Wow, makes you proud to be a fan…class all the way around. I follow a lot of the spouses on social media and you can tell they all care about each other too. On the road, at home, one big family
…and I haven’t even really touched on the culture part of the story yet…
So great…I agree, proud to be a fan. I think back to the rally…the way he was walking behind the guys and patting them on the back or making that “proud dad” connection. You can tell how much he cares for the players. …Dean wasn’t the only one getting a little emotional that day.
Great read, can’t wait for the next installment….
Thank you! Please spread the word!
Outstanding read, Gann!
I’m thrilled you decided to go in depth with DL. He certainly deserves the attention and recognition he’s rightfully earned.
Is there a reason he hasn’t been voted best GM? I mean, he’s helped establish a solid foundation, structure, along with cultivating a winning mentality and a wonderful family atmosphere.

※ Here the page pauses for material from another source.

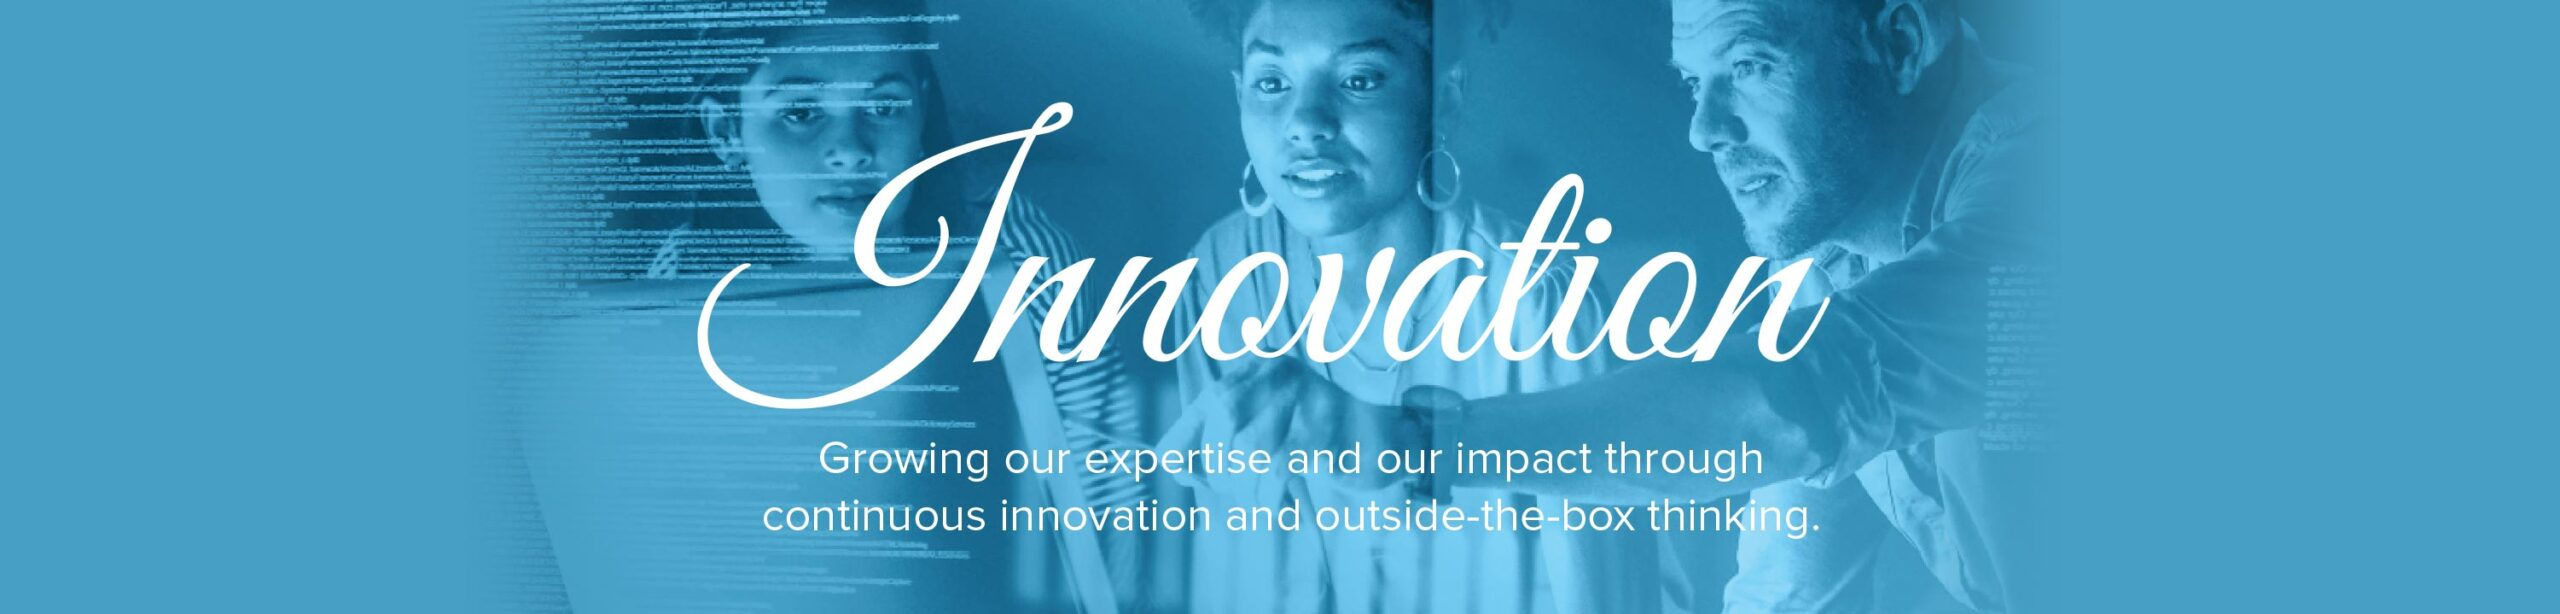 Core Value - Innovation

What else does the man have to do to be mentioned in the conversation?
The Jack Adams Trophy, which is voted on by the GM’s themselves, is based on that particular regular season, so what a GM does prior to that isn’t part of the equation. Also, it’s a regular season award, voted on prior to the start of that season’s playoffs.
That’s why Anaheim’s Bob Murray won it last season. Anaheim finished atop the Western Conference and wasn’t necessarily expected to, which helped his case a lot.
That makes a little more sense, but jeez, a body of work should count for something, I would assume.
Not only did he change culture and player development, but he’s kept this team intact, with arguably a top three team for the 3rd or 4th year in a row while staying below the salary cap and no buy-outs. Pretty impressive if you ask me.
Also, thanks for getting back to me with an explanation. Much appreciated!
I enjoyed part two equally as much. Well done!
No doubt. But given the criteria for the Jack Adams, it’s easy to see why Murray could come out ahead of Lombardi.
great read here I’m looking forward to the next installment.
Best article you’ve ever done, and a great idea for a series. Lombardi is an extremely interesting guy. I could read about him all day. Keep’em coming!